Rate calculations involve determining the speed at which an object is moving, which is typically expressed in units like miles per hour or kilometers per hour. When solving word problems involving rates, it is crucial to:

• Identify what each rate represents—such as the speed of an object heading in a particular direction.
• Use variables to express unknown rates.

In the context of the train problem, we define the rate of the train going west as \( r \) miles per hour. Since the train heading east goes faster, we express this rate as \( r + 8 \) miles per hour. By setting these variables, it becomes easier to insert them into equations to find the solution efficiently.
Rate calculations often provide a foundation that allows us to organize and solve more complex problems, enabling us to visualize how different speeds relate to each other.

The distance formula is an essential tool in these types of algebra problems. It allows us to relate distance, rate, and time through the equation:

• \( \text{Distance} = \text{Rate} \times \text{Time} \)
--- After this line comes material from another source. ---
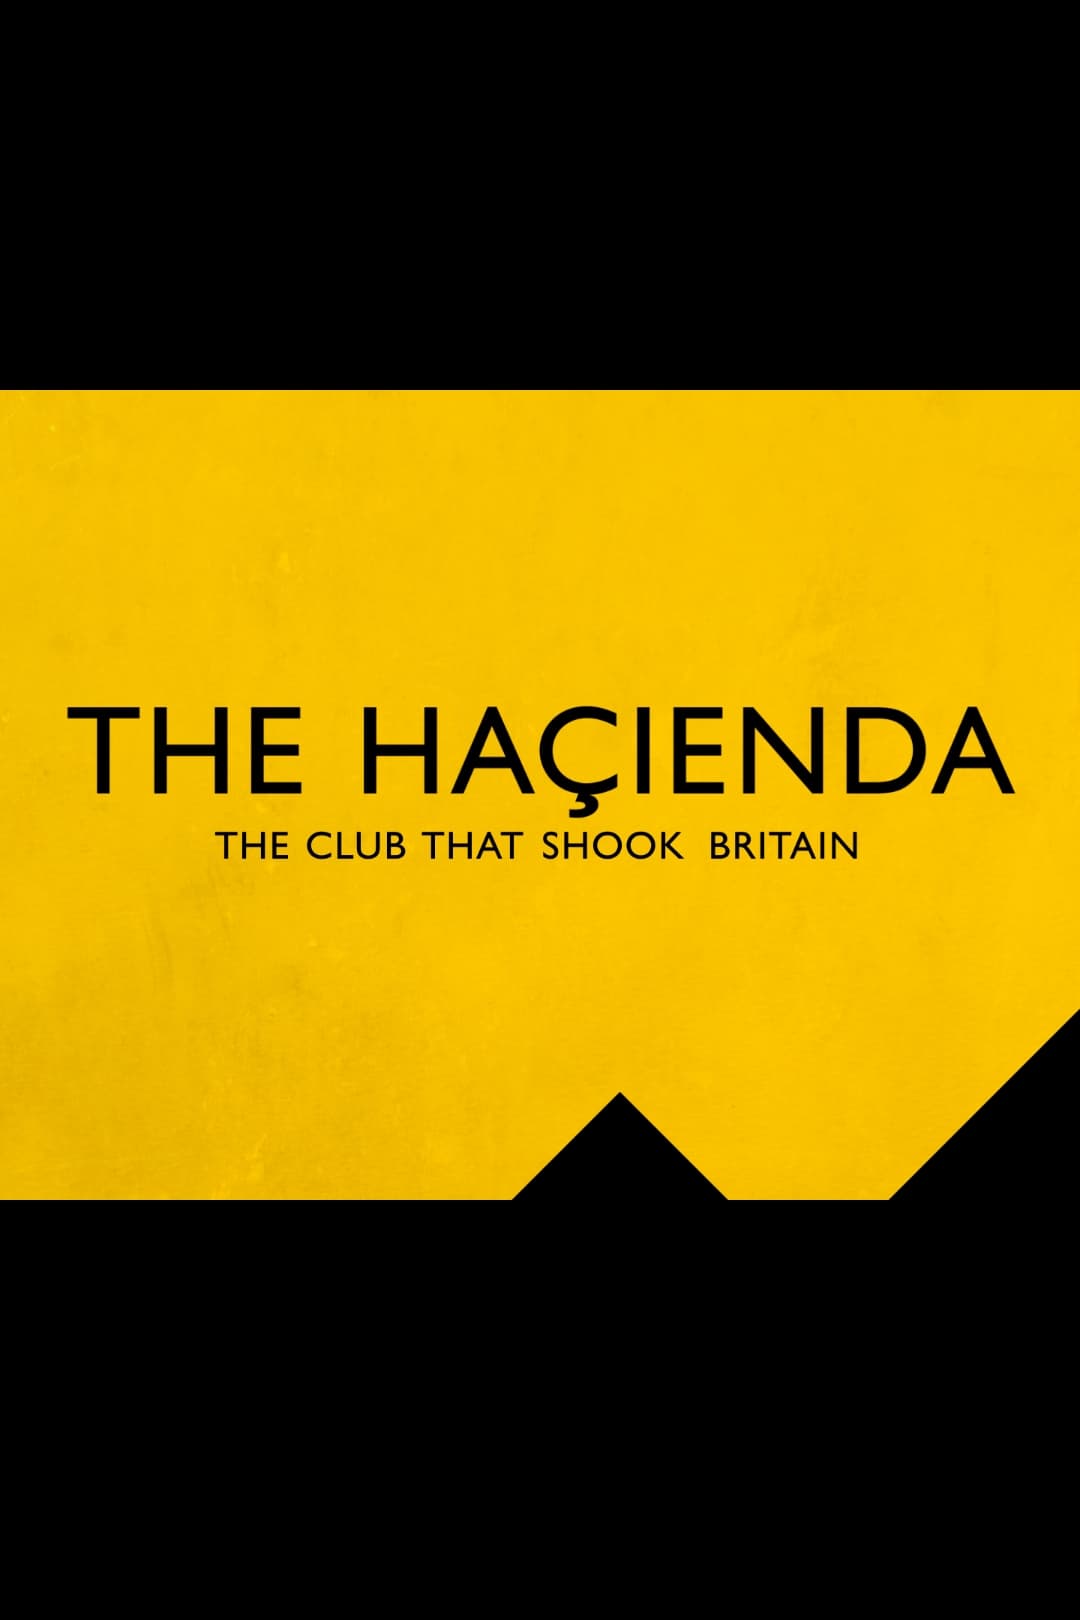 The Hacienda - The Club That Shook Britain

This formula helps you to calculate how far an object has traveled over a time period when you know its speed.
In our train example, both trains travel for \( 9.5 \) hours, so the westbound train covers \( r \times 9.5 \) miles, while the eastbound train covers \((r + 8) \times 9.5 \) miles.
With this understanding, we can develop equations that help explain the relationship between their rates and the total distance they are apart. Remember, the formula is highly versatile and can be rearranged if you need to solve for distance, rate, or time individually.

Simultaneous equations involve finding the values of unknown variables that satisfy multiple equations at the same time. In many word problems, you have multiple relationships that must be solved simultaneously to find the correct answer.
In our train problem, we combine the distances traveled by each train. We form a single equation: \( 9.5r + 9.5(r + 8) = 1292 \). This equation expresses that the sum of the two distances equals the total distance apart.
Solving such equations typically involves:

• First, simplifying the equation by distributing and combining like terms.
• Next, isolating the variable by performing algebraic operations like addition or division.

For instance, after simplifying, you are left with \( 19r + 76 = 1292 \). Continuing to solve this gives \( r = 64 \), which is the rate of the westbound train. You can also find the eastbound train's rate using this result.
Understanding how to set up and solve simultaneous equations is crucial for tackling complex word problems efficiently.